Have them use their maps and create points in the class that represent a point on the map. It takes five minutes to put together and students love it. Add a reward to the mix, and they’ll like it even better.

22. Lesson:  Government

Teaching the branches of the government and how they work may be important but it can be an excruciating process. So many students despise the thought of it. So adding interest needs to be sprinkled throughout the lessons.

Add Current Events.

There’s no other way to get students to learn this part of social studies than to tell them to find a story on a weekly basis that’s related to the topic at hand. Or, just have UpFront, Scope, or Time for Kids available in the classroom for students to find stories that apply.

23. Lesson:  Civil Rights

One of the most important lessons taught to students, this gives them a deeper understanding of right and wrong and why laws exist and need to be enforced. Sometimes students see it as ancient history though. So keep it current as well.

Add Students.

Ask the important question: How have things changed? Have them list it or journal it then expand on that as the lesson continues. They need to understand their relationship to it.

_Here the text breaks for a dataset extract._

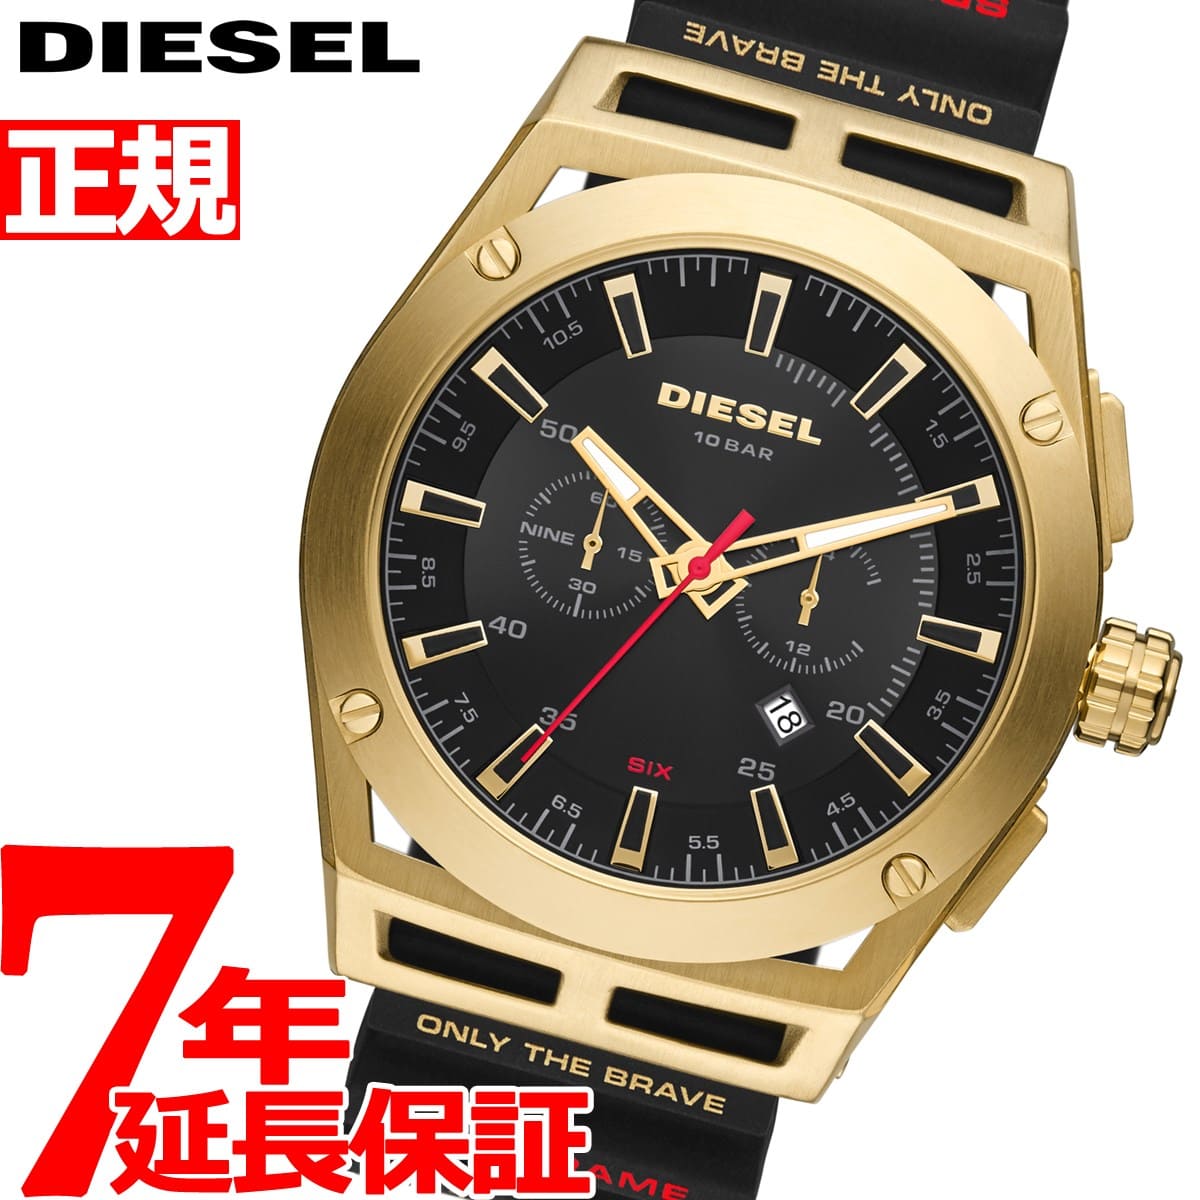 March DZ4546 on in BE - up & 4 on to March It frame 2021 57 Chronograph mens latest FORWARD 2,000 1:59 time New]up - diesel TIMEFRAME to is Store 11 at times! DIESEL until 20:00
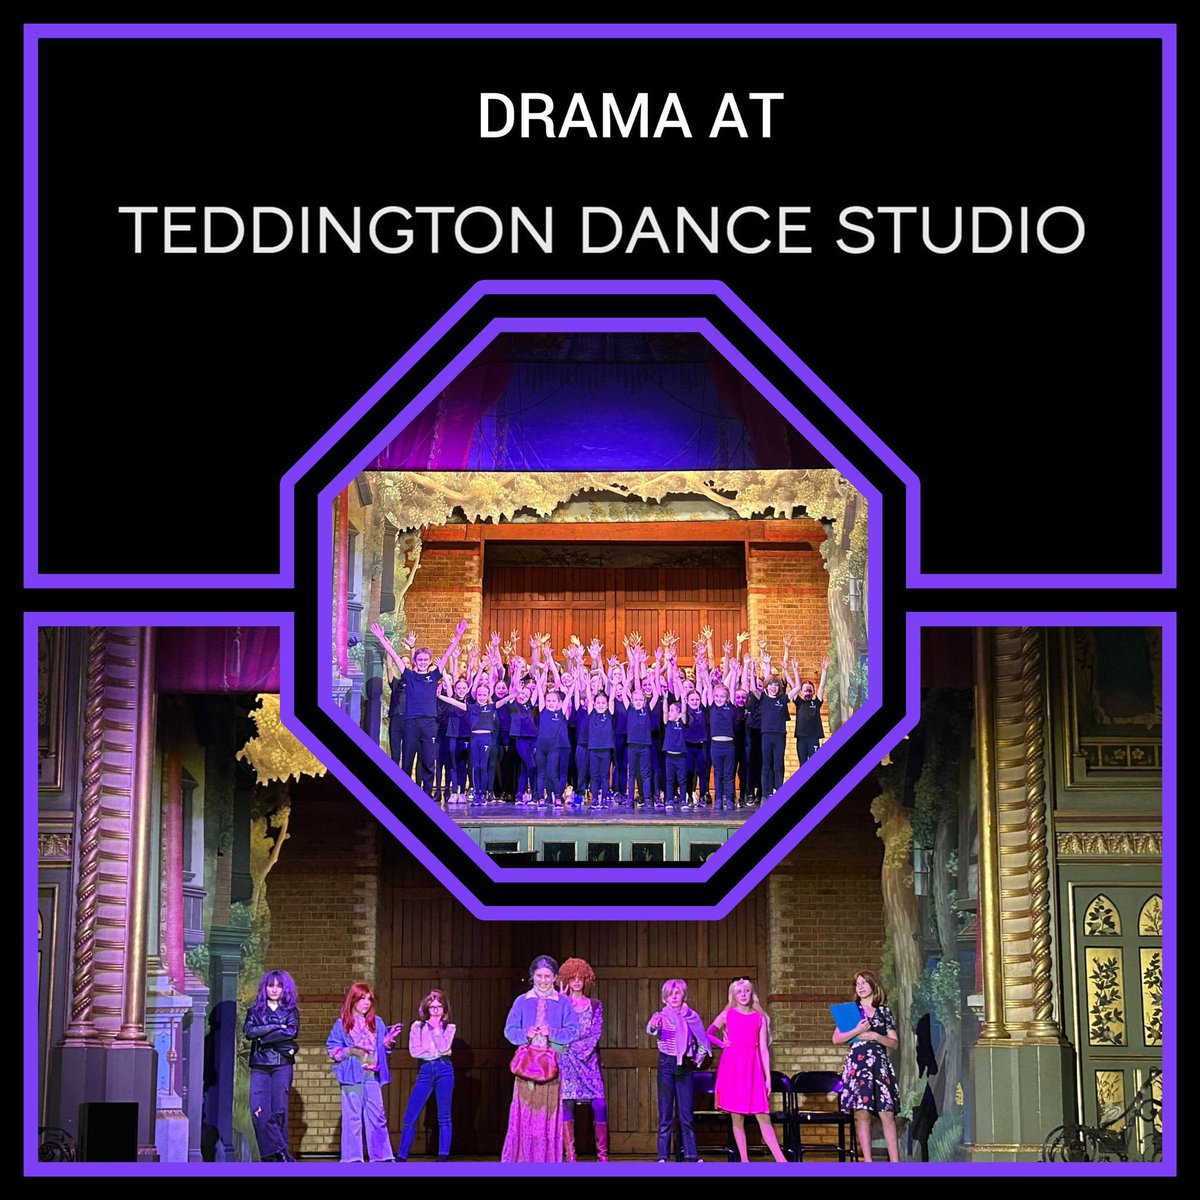 Drama at @tds_lovedance . At Teddington Dance Studio - Grow in confidence, performance opportunities, LAMDA Exams, Acting Awards… we’ve got it all! #teddington #teddingtonmums #teddingtontown #teddingtondancestudio #teddingtondramaclasses #teddingtondanceclasses…

24. Lesson:  American History

Teaching students about the Revolutionary War may be interesting to the two history buffs whose eyes sparkle when they hear the topic. But, the rest of the class might be going comatose. So, give them options.

Add Inventions.

Ask students what they would’ve done without air conditioning or even electricity considering that it had just been discovered. Ask them what they would’ve invented. Possibly assign them inventors to research.

25. Lesson:  World History

Teaching world history can actually be a very interesting lesson for students because they learn so much about parts of the world that they otherwise may never have known. However, ingesting this information means a lot of textbook chapters. To break the routine, just think of the wild, imaginative stories created by cultures around the world.

Add Stories, Myths, and Legends.

Learning about countries and their unique cultures through myths, legends, and other stories makes the countries live inside the students’ minds and gives value to their knowledge. So, ask them to bring in an article or information about a legend or story unique to a particular country then share it with the class.